UN: Over 1 Million Women Lost Critical Aid Due to Funding Cuts

GENEVA (AP) — A minimum of 1 million women have been denied access to humanitarian assistance and other vital services over the past year and a half, according to the U.N. agency dedicated to women’s issues, which released the findings Friday.

The agency, UN Women, reports that 84% of women’s organizations it surveyed indicated they have seen growing demand for services since January 2025, when the United States — the largest contributor to the U.N. — began scaling back its foreign aid commitments under the Trump administration.

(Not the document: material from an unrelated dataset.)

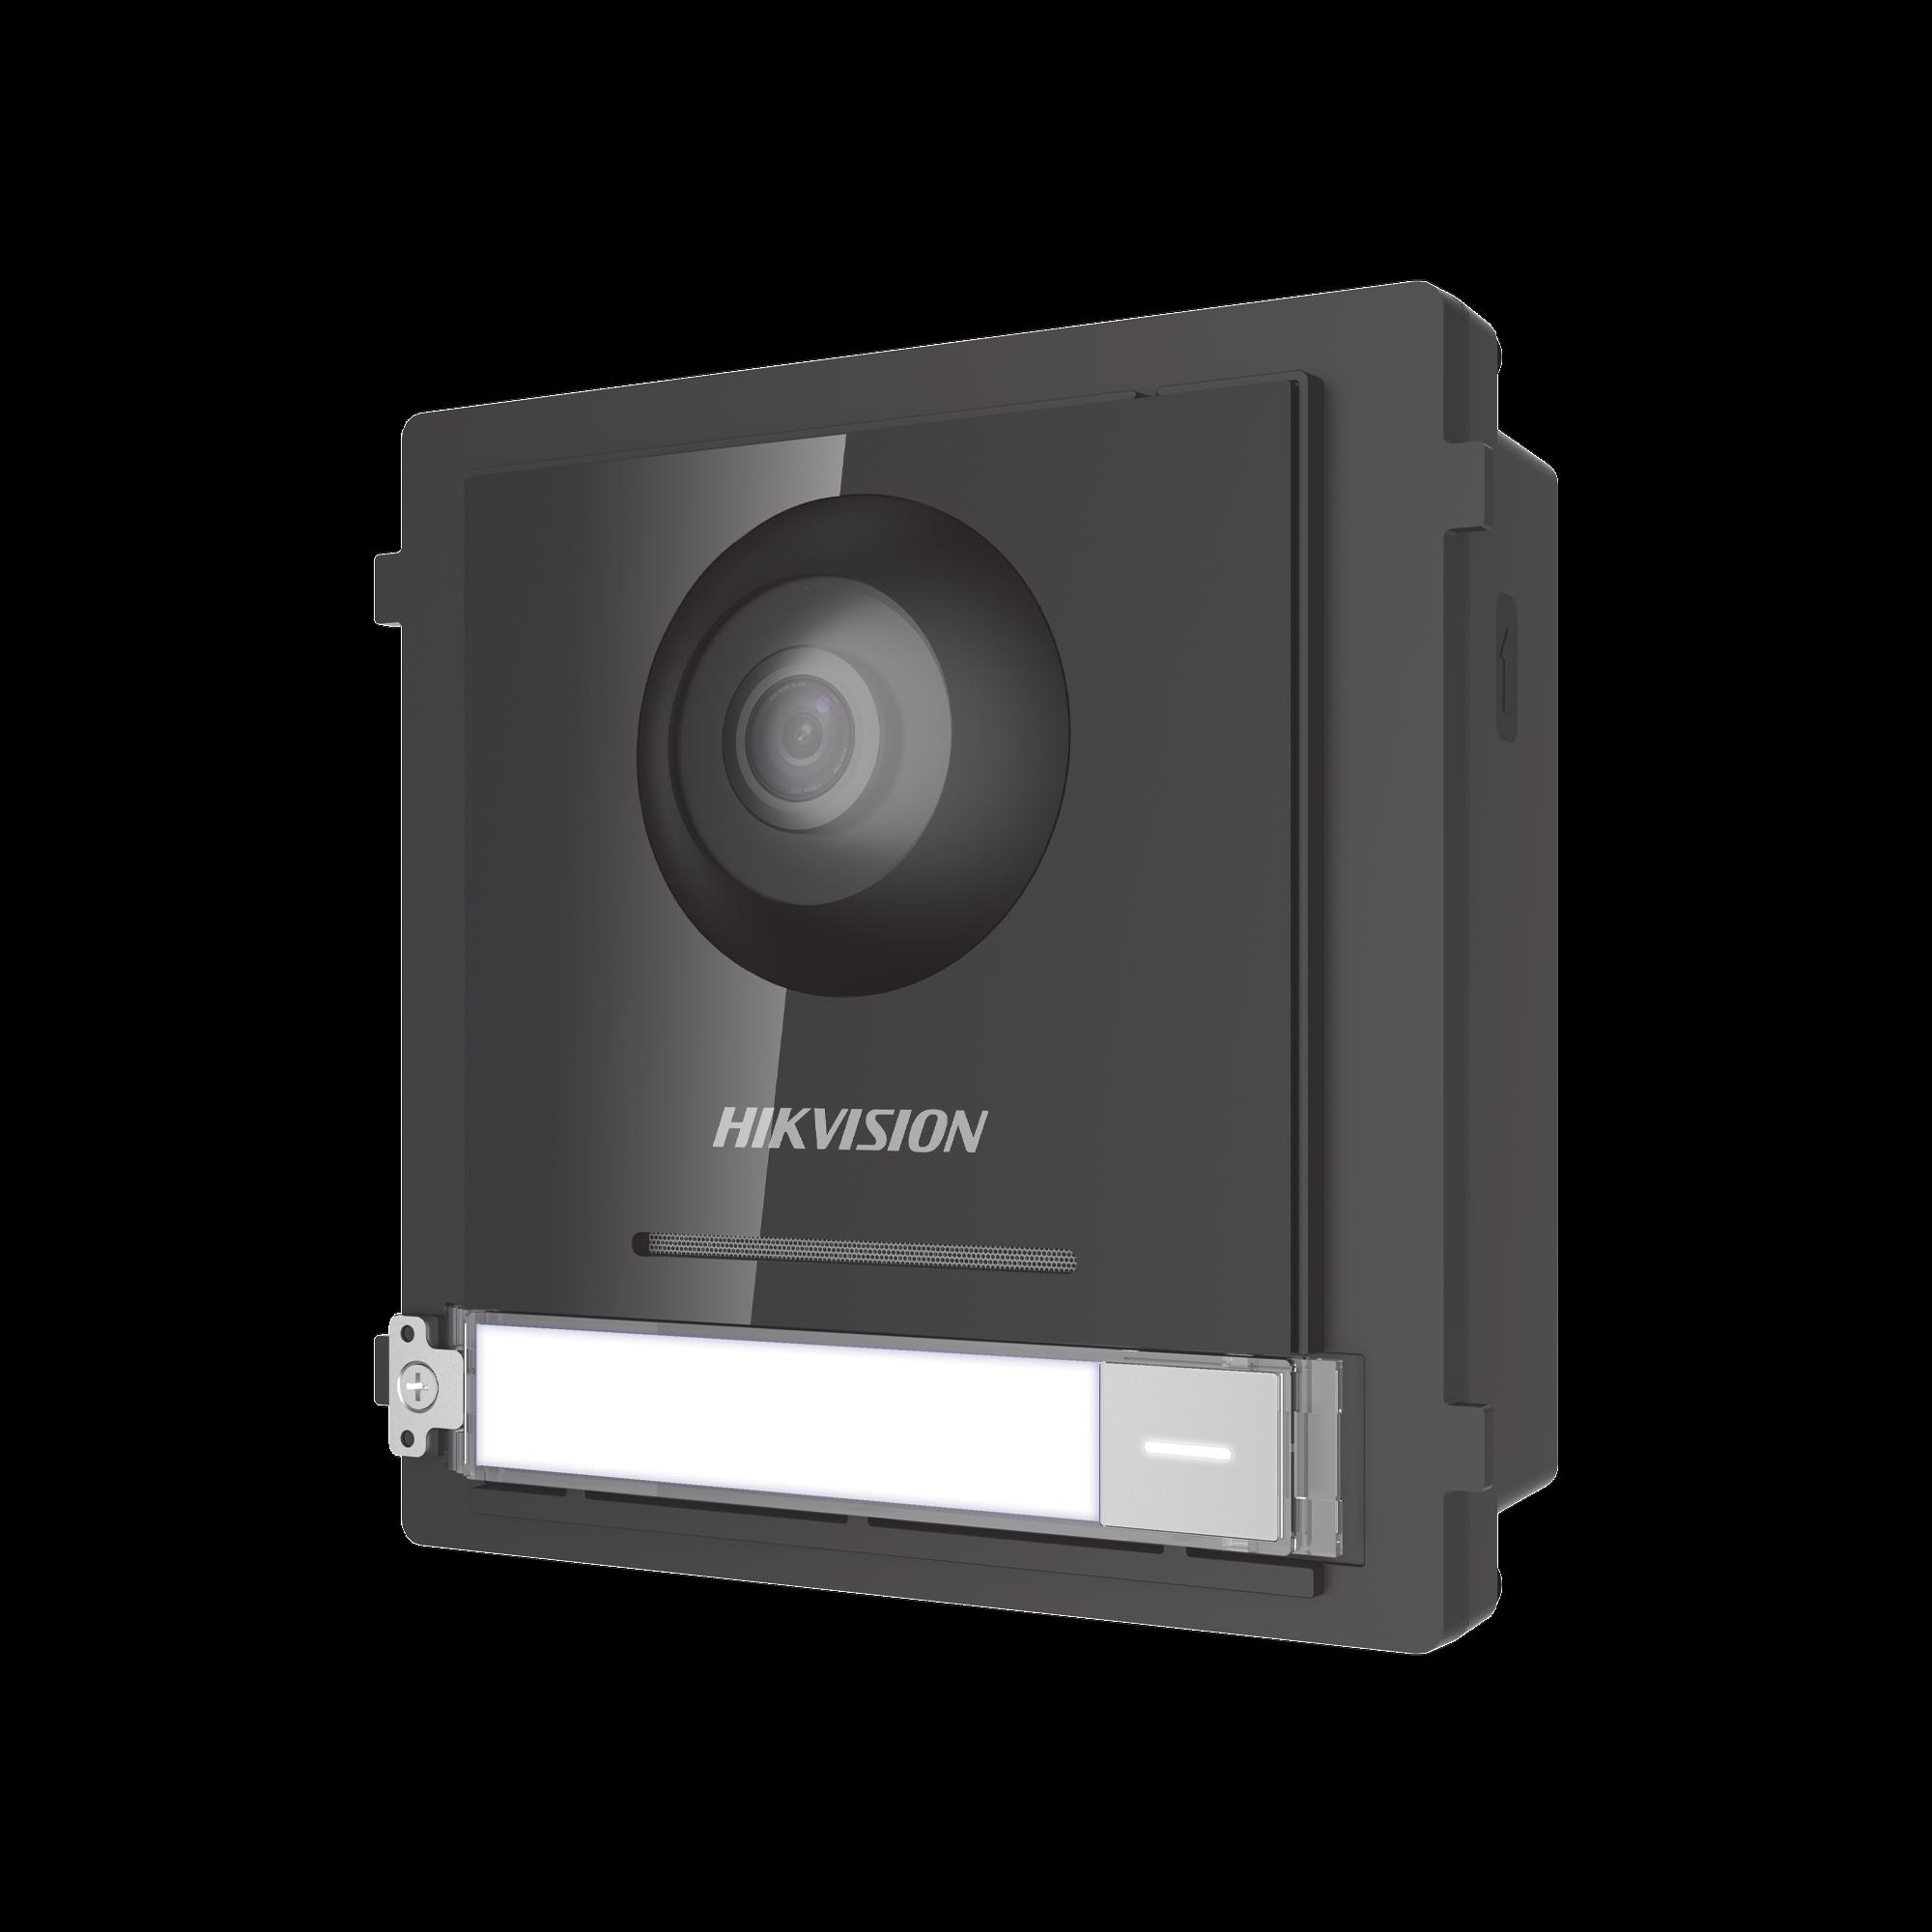 Frente de calle IP 2 Megapixel para Videoportero Modular / PoE / Angulo 180? / Ultra Baja Iluminación / Exterior IP65 / WDR 120 dB

“Every dollar withdrawn from women’s organizations is a dollar withdrawn from survivors of conflict-related sexual violence, displaced mothers, girls forced from school and communities struggling to survive,” said Sofia Calltorp, UN Women’s chief of humanitarian action.

The survey results paint a troubling picture: nearly 90% of women’s groups said they are no longer able to meet current demand, and one out of every five organizations expects to shut their doors — either temporarily or for good — within the coming year.

“UN Women has spoken to 855 women’s organizations working in 52 countries, who have told us that these women and girls have been turned away due to funding cuts that are dismantling their organizations,” Calltorp told reporters in Geneva.

“We know that this number, at least 1 million women and girls, is just the tip of the iceberg,” she added.

UN Women also noted that conflict-related sexual violence doubled last year. The agency pointed to a recent report from the Organization for Economic Cooperation and Development — a group of 38 mostly developed nations — which found that global development assistance dropped by nearly 25% last year to $174 billion, marking the steepest single-year decline ever recorded.

“Without immediate action, the organizations that have kept women and girls alive through the world’s worst crises risk becoming another casualty of war,” Calltorp warned.

Across the broader United Nations system, thousands of jobs have been eliminated and aid programs have been scaled back worldwide over the last 18 months, driven largely by funding reductions from the United States and other major donor nations.

Meanwhile, the U.N. is also weighing whether to merge UN Women with UNFPA, the agency focused on sexual and reproductive health, as part of an ongoing organizational reform effort called UN80.